En raison des difficultés qu'occasionne le rajustement de l'industrie, je me demande s'il ne serait pas préférable à court terme d'accorder une retraite anticipée aux chômeurs chroniques et ensuite de changer de système.
Je ne sais si j'ai été très clair. Mon idée est de proposer un système qui n'offrirait pas la prestation de pension, mais des prestations de sécurité du revenu qui aideraient les personnes à ne plus dépendre des prestations de bien-être social, en cette époque où il y a tant de gens qui sont sans travail. Cela s'adresserait aux personnes qui n'ont pas un bon emploi bien rémunéré et assorti d'une bonne retraite et d'autres avantages et qui sont incapables d'effectuer une contribution significative.
Quelqu'un s'est-il intéressé à ce genre de choses?
Mme McDaniel: Vous venez de soulever plusieurs aspects importants. Ce qui est intéressant dans les échanges que nous avons, c'est que les informations viennent tant de l'autre côté que du nôtre. J'en apprends beaucoup.
Je pense que le principe de la sécurité du revenu, par opposition à la sécurité sociale, la sécurité des pensions, la sécurité du travail ou la sécurité de la famille, est un principe essentiel qui doit être repensé. J'y pensais justement lorsque Rob évoquait un peu plus tôt la diminution de la sécurité que ressentent les Canadiens.

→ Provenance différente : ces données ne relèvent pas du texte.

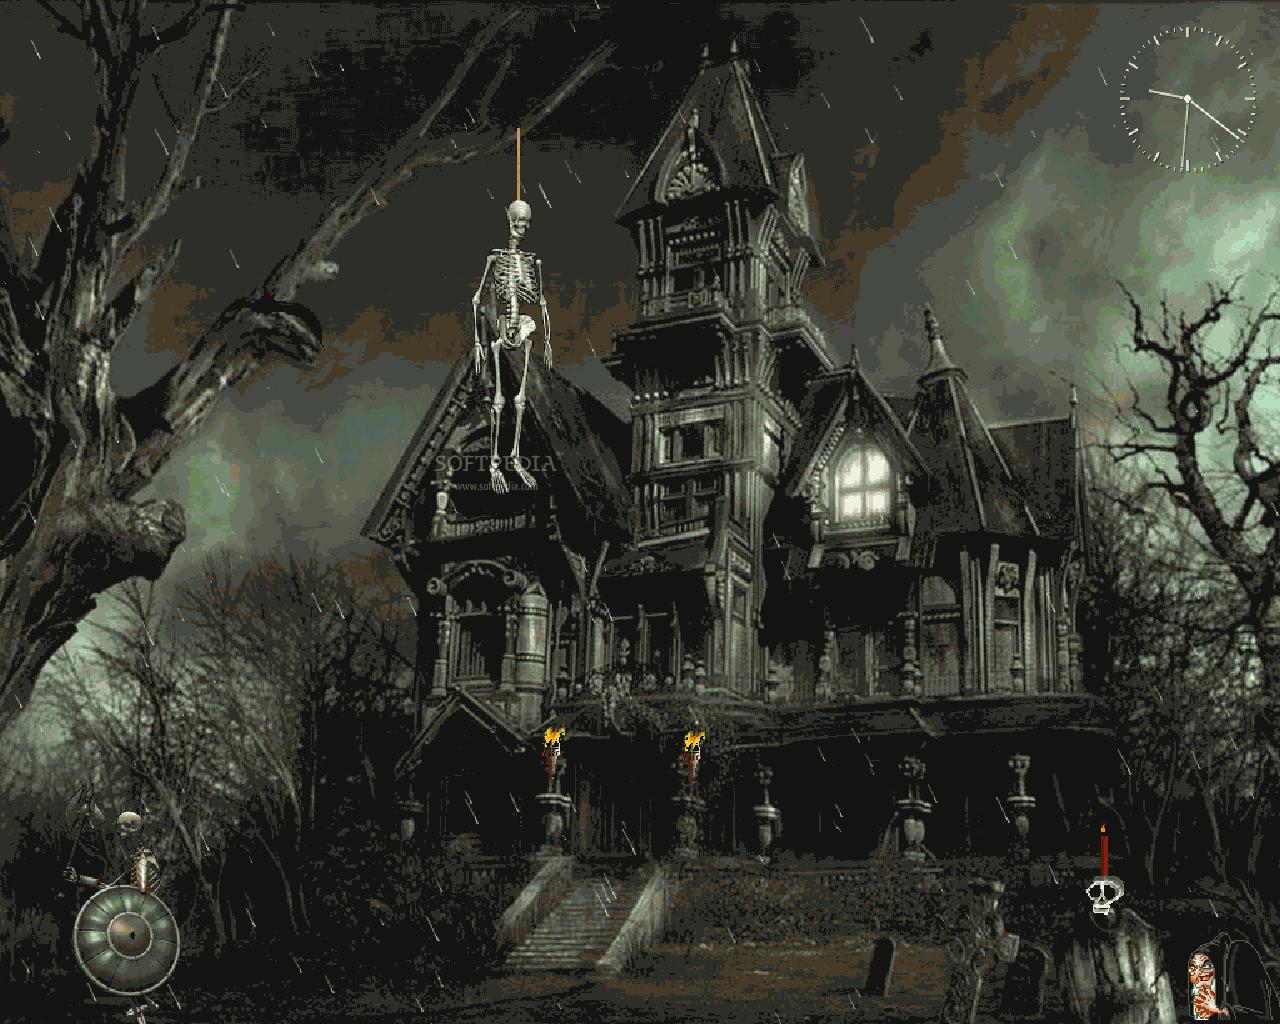 The Best Wallpaper Horror Movies Wallpaper 1280x1024

Les participants à la Conférence nationale sur la sécurité familiale ont indiqué qu'il s'agissait là d'un aspect capital, souligant que les citoyens se sentent menacés dans leur sécurité au sens le plus large lorsque leurs pensions sont remises en cause et que surgit le spectre du déficit ou de la criminalité. C'est justement la question que vous avez soulevée.
Le problème, c'est que les données dont nous disposons actuellement sont insuffisantes. Au cours du débat que nous menons actuellement, il a été question de différents modèles qui sont aussi bons les uns que les autres, j'en suis certain. Par contre, la façon dont nous percevons le problème ne nous permet pas de tenir compte de ce type de sécurité.
Par exemple, on ne tient pas compte des contributions en nature qui sont pourtant extrêmement importantes pour les pauvres.
Pendant le déjeuner, on parlait de Terre-Neuve, où le pourcentage des dons de charité est le plus élevé. On ne tient absolument pas compte de ce type de don et pourtant, il reflète un sens de la communauté et de l'appartenance. Nous n'avons pas de données sur le sujet.
C'est un aspect qui, même s'il paraît négligeable, est extrêmement important. Pour commencer, je souhaiterais que Statistique Canada prenne en compte tous ces changements, ainsi que le travail non rémunéré et les contributions en nature qui aident beaucoup l'économie et encouragent la définition de nouveaux cadres.
S'il s'avère que la machine est trop difficile à régler, débarrassons-nous de tout le système et imaginons-en un autre. C'est exactement ce qu'on fait les concepteurs du système actuel en 1966.
Ce n'était peut-être pas des génies, mais ils avaient un QI d'au moins 120. Ils se sont bien débrouillés à l'époque et avec tout ce que nous avons appris depuis, nous pouvons certainement faire mieux 30 ans plus tard.
Je ne suis pas certain qu'une machine de 30 ans ait besoin d'être ajustée. Je ne sais pas combien d'entre vous ont plus de 30 ans, mais lorsque moi j'avais 30 ans, je n'avais pas besoin d'ajustement, et je ne suis pas certain que nous en ayons besoin actuellement. Nous devons peut-être nous débarrasser carrément de toute la machine et repartir à zéro.
Certains de vos commentaires concernant la sécurité sont extrêmement importants pour l'analyse du problème.
Le président: Monsieur McKie, avez-vous quelque chose à ajouter?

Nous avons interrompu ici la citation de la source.